→ **About this exercise**
Repeat the data below in full. Pictures must not be part of the copy.

→ **Information shown**
▬▬▬

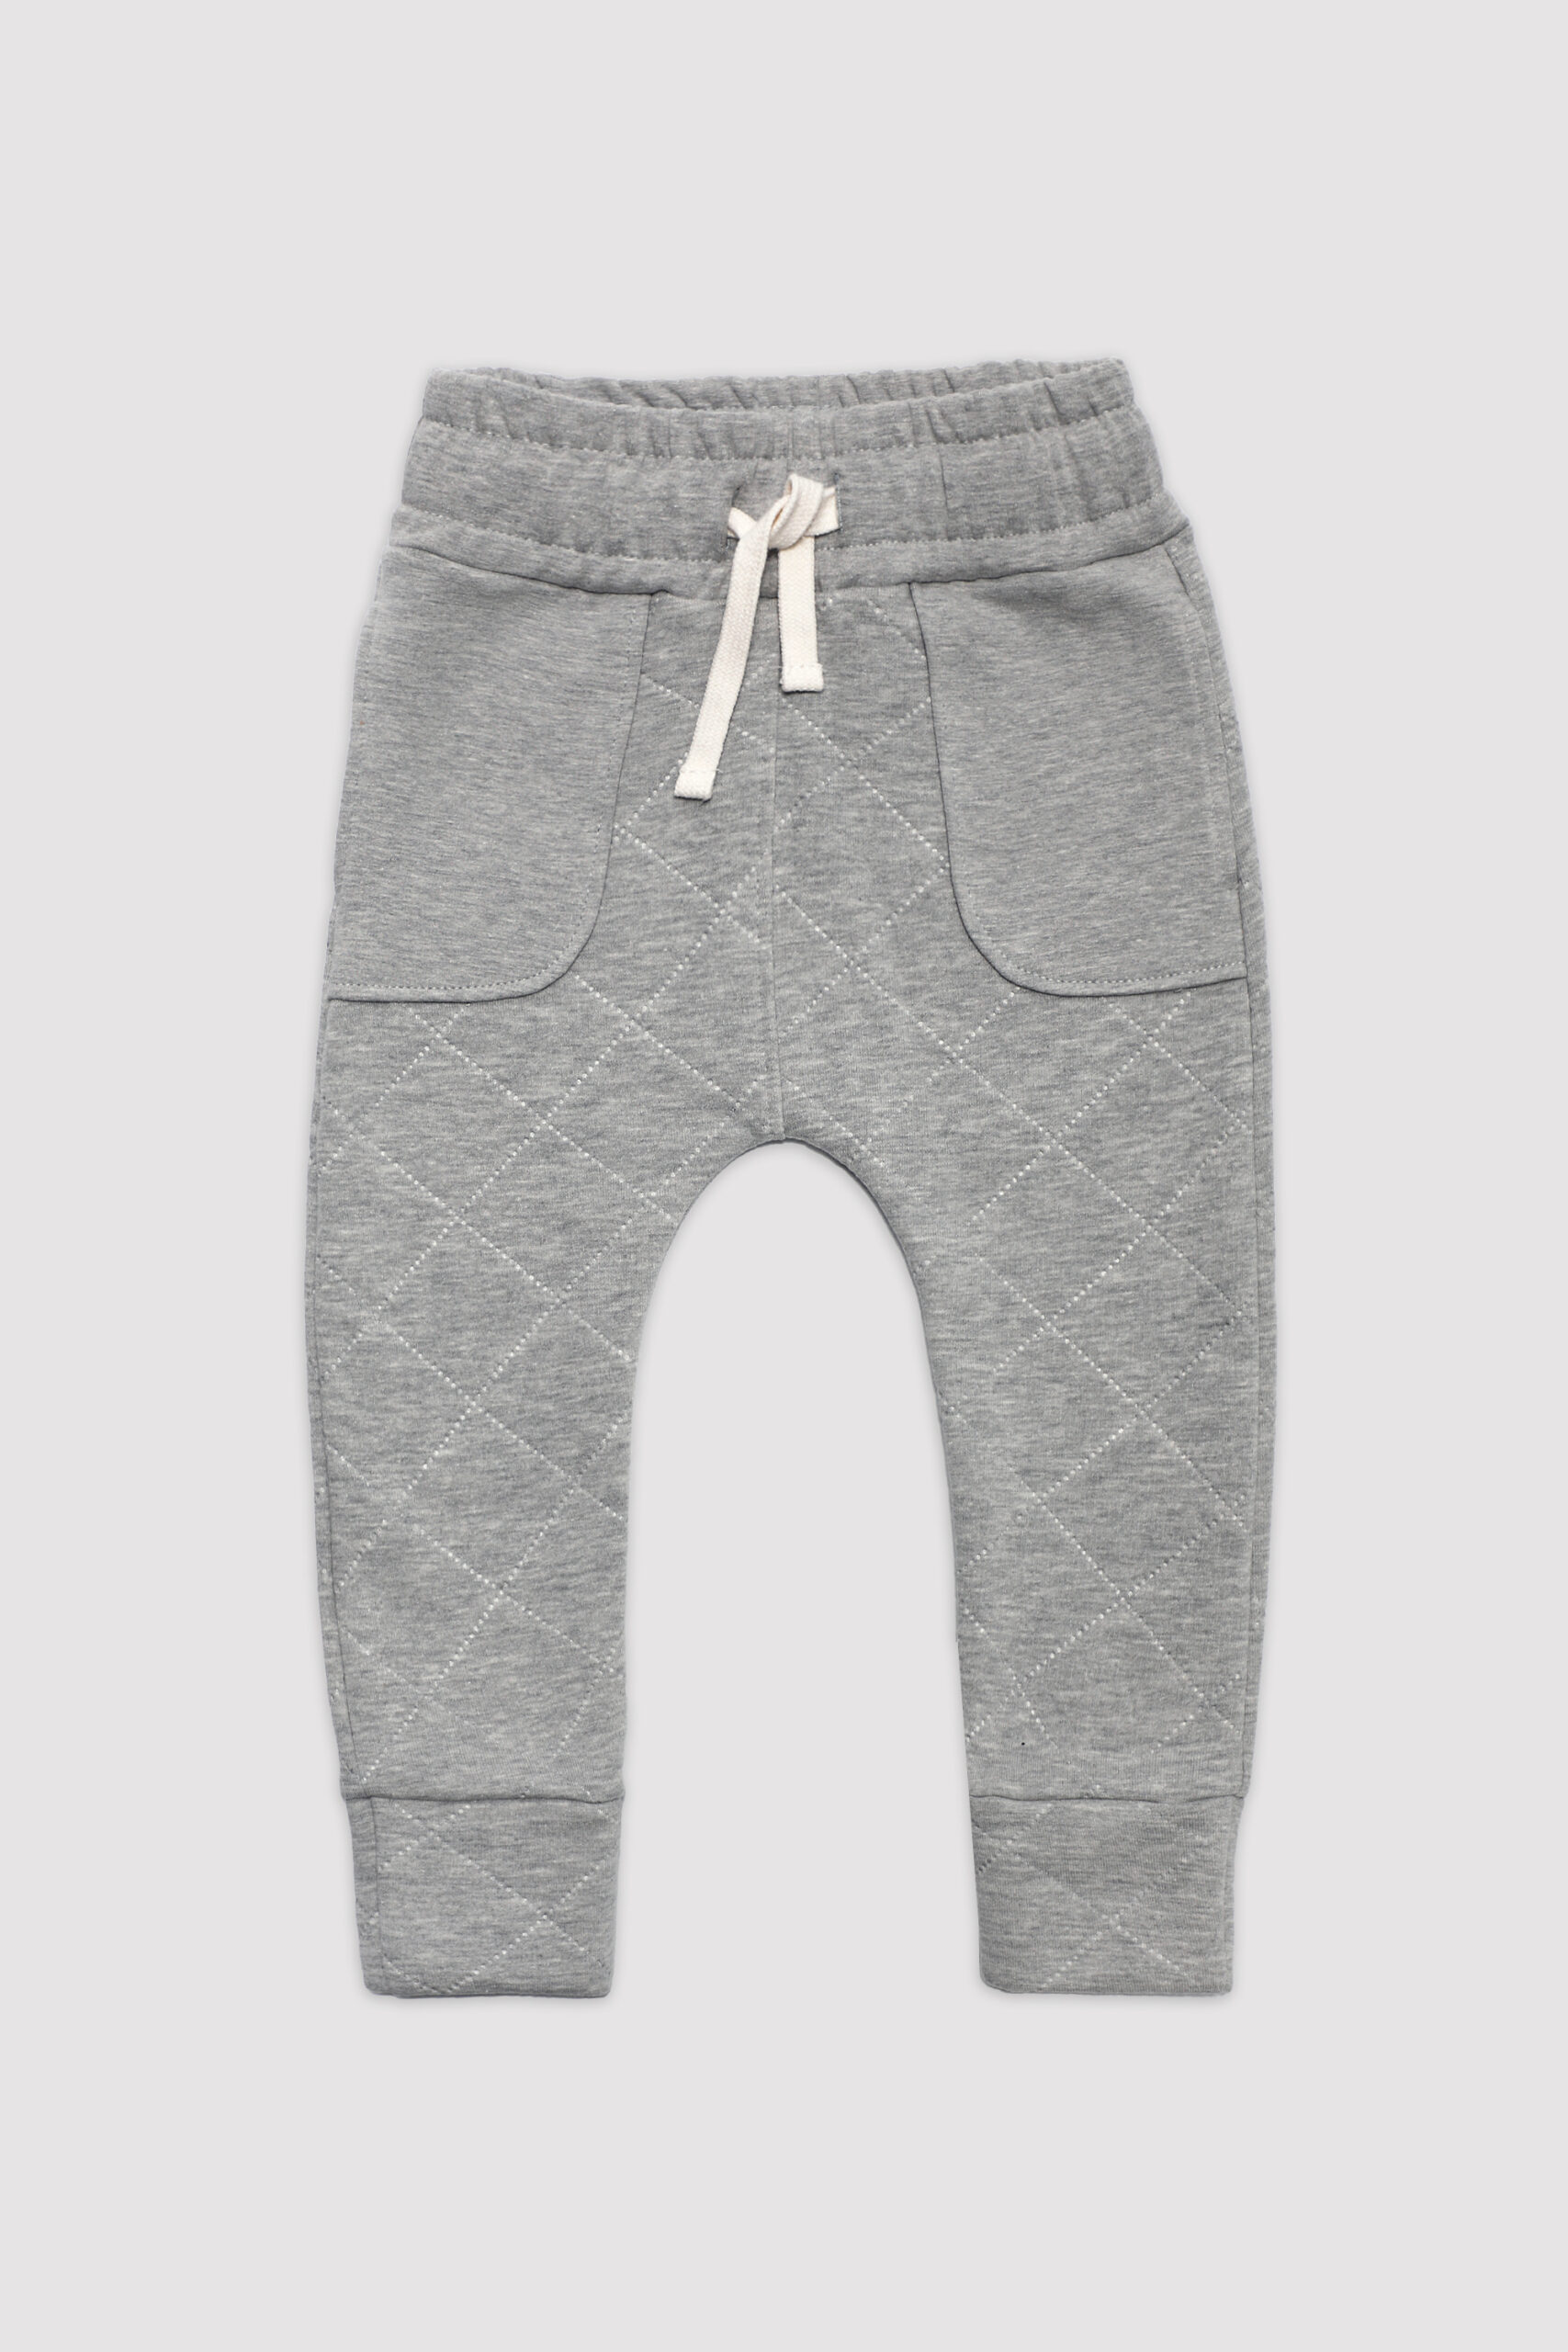 Spodnie Quilted grey MINIKID joggers
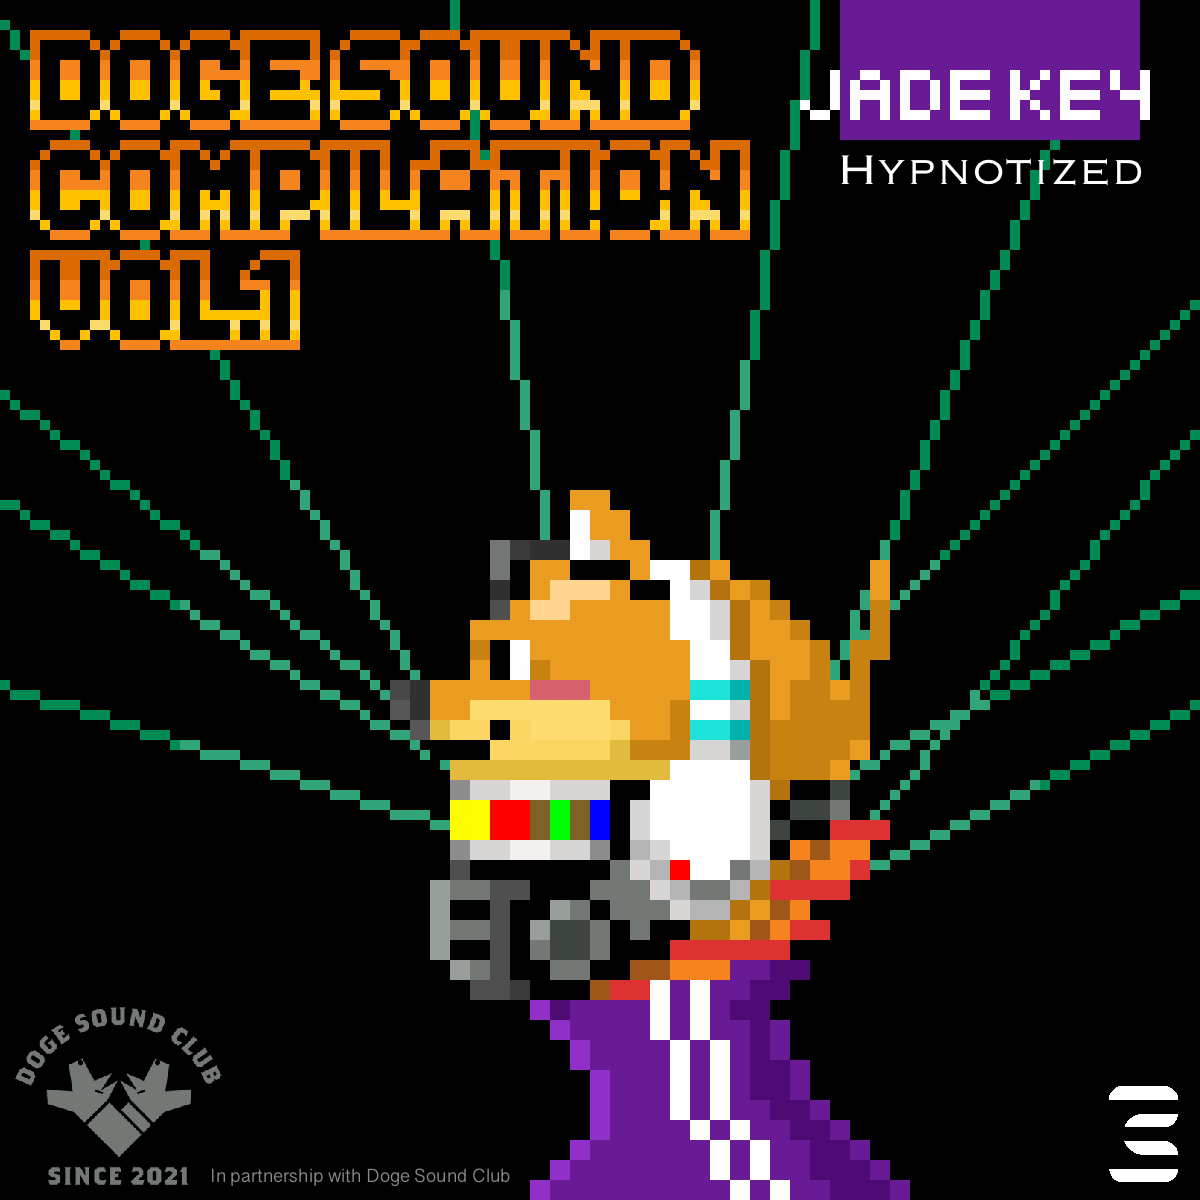 DogeSound Compilation vol. 1 - Jade Key version
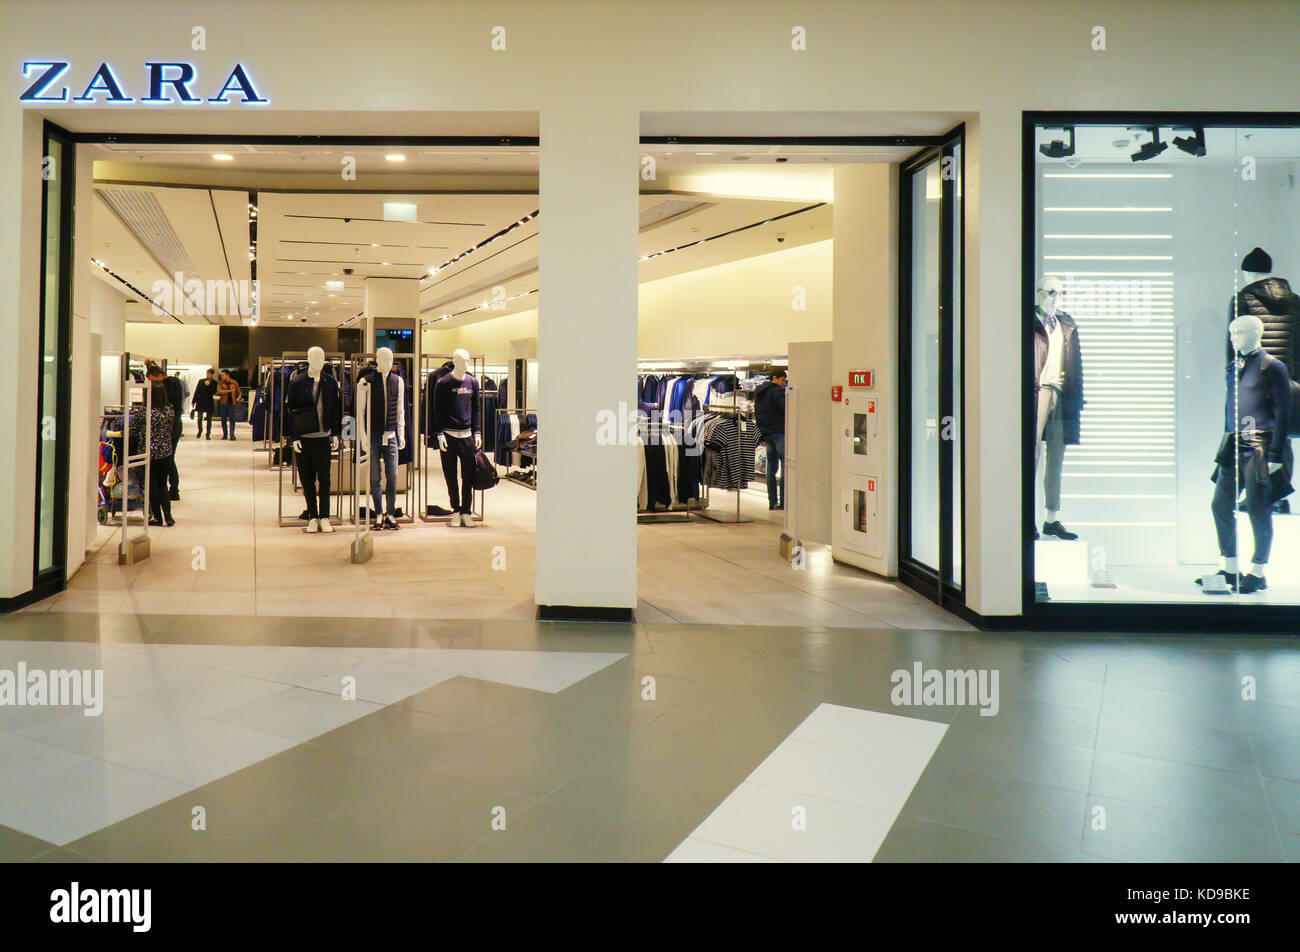 Zara shop in shopping center Aquarell Stock Photo - Alamy

▬▬▬

→ **Task output**
 Spodnie Quilted grey MINIKID joggers
 DogeSound Compilation vol. 1 - Jade Key version
 Zara shop in shopping center Aquarell Stock Photo - Alamy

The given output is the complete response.